= Fire Rescue Victoria Training Academy =

Training facility for emergency services personnel in Melbourne, Australia

The Fire Rescue Victoria Training Academy (formerly known as the Victorian Emergency Management Training Centre (VEMTC)) is a training facility for Fire Rescue Victoria professional firefighters.
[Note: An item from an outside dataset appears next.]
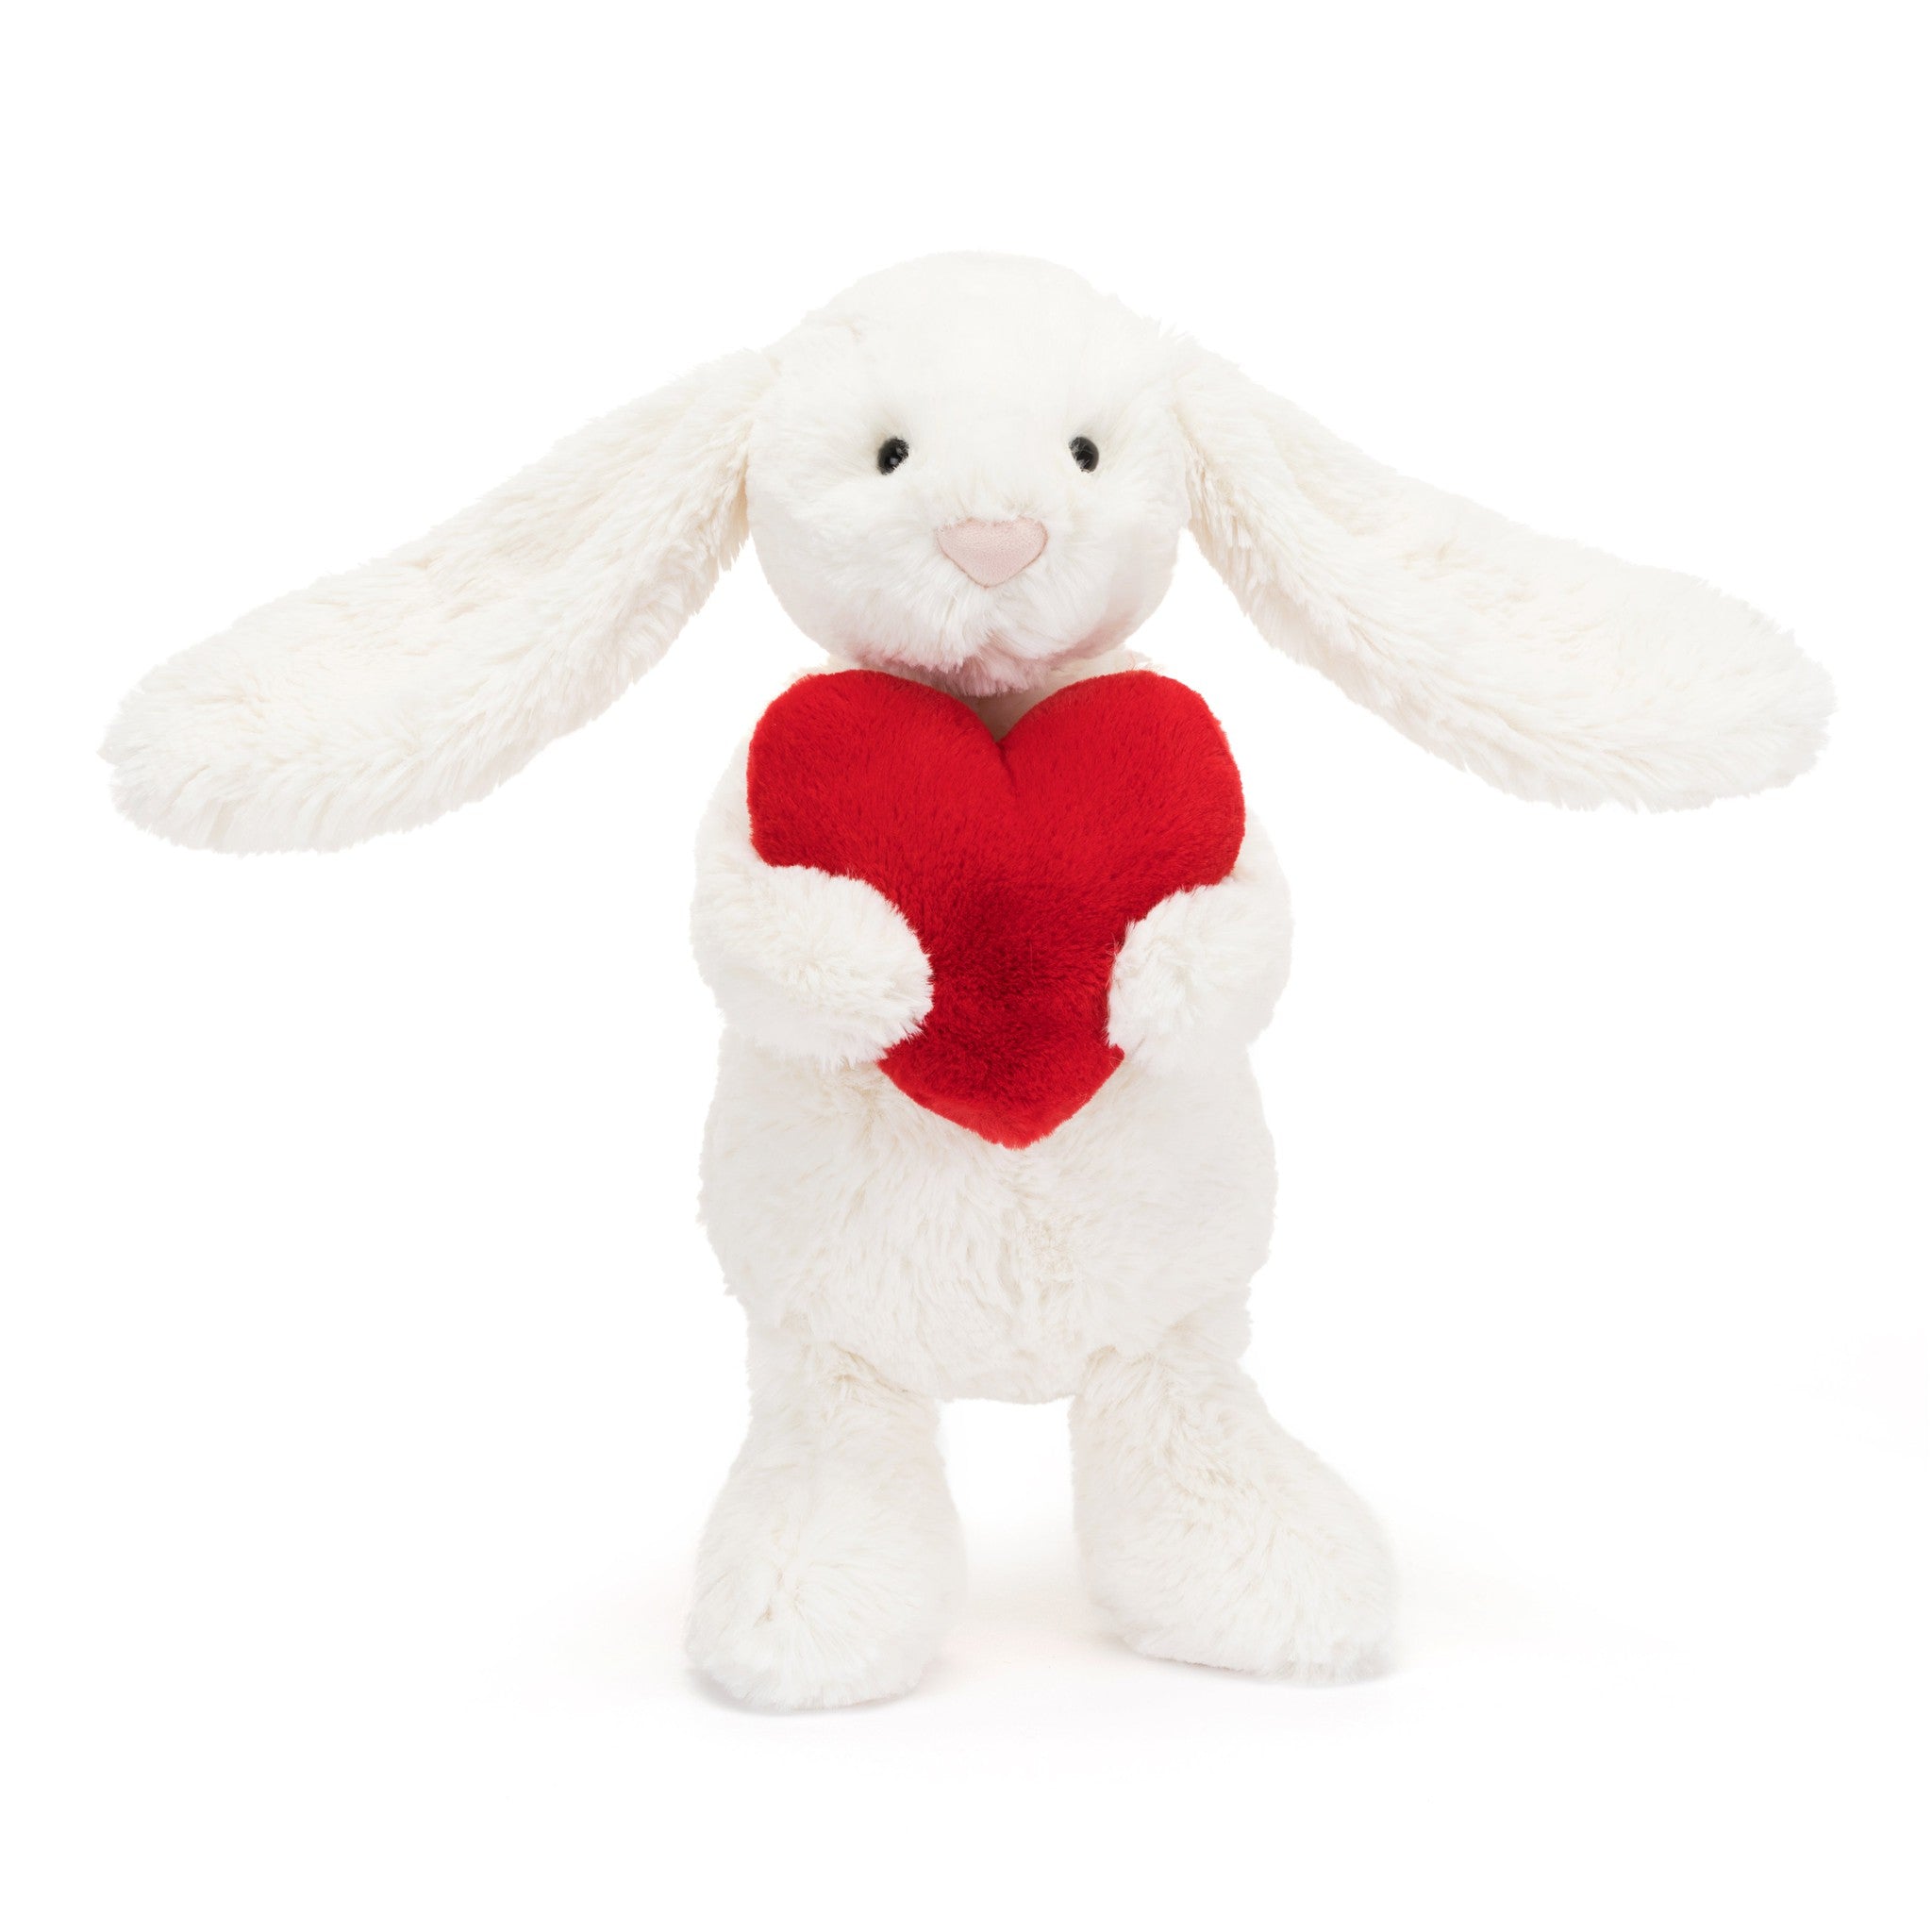 Bashful Red Love Heart Bunny - Little

The center is located in Melbourne, Australia's north in Craigieburn.

== History ==

=== 2014 ===
The training center was completed in June 2014 for $109 million and designed by Woods Bagot and HAAGEN.
It was built for Metropolitan Fire Brigade (MFB) after 2 years of planning.

=== 2015 ===
It is the primary training center for Metropolitan Fire Brigade (MFB) and their recruit courses and promotional courses.

Following the closure of CFA Fiskville training ground due to health and safety reasons, the centre became the primary training facility for CFA new career fire fighters.

=== 2023 ===
VEMTC is renamed The Fire Rescue Victoria Training Academy.

== Key features ==
The 10 hectare facility has a focus on urban emergency incidents with scenarios for the following settings:
- road
- rail
- tunnel
- marine
- Urban Search and Rescue (USAR)
- High Angle Rescue Team (HART)
There is a large seven-story building or prop which includes a carpark and numerous other types of environments including an atrium, prison and hospital themes.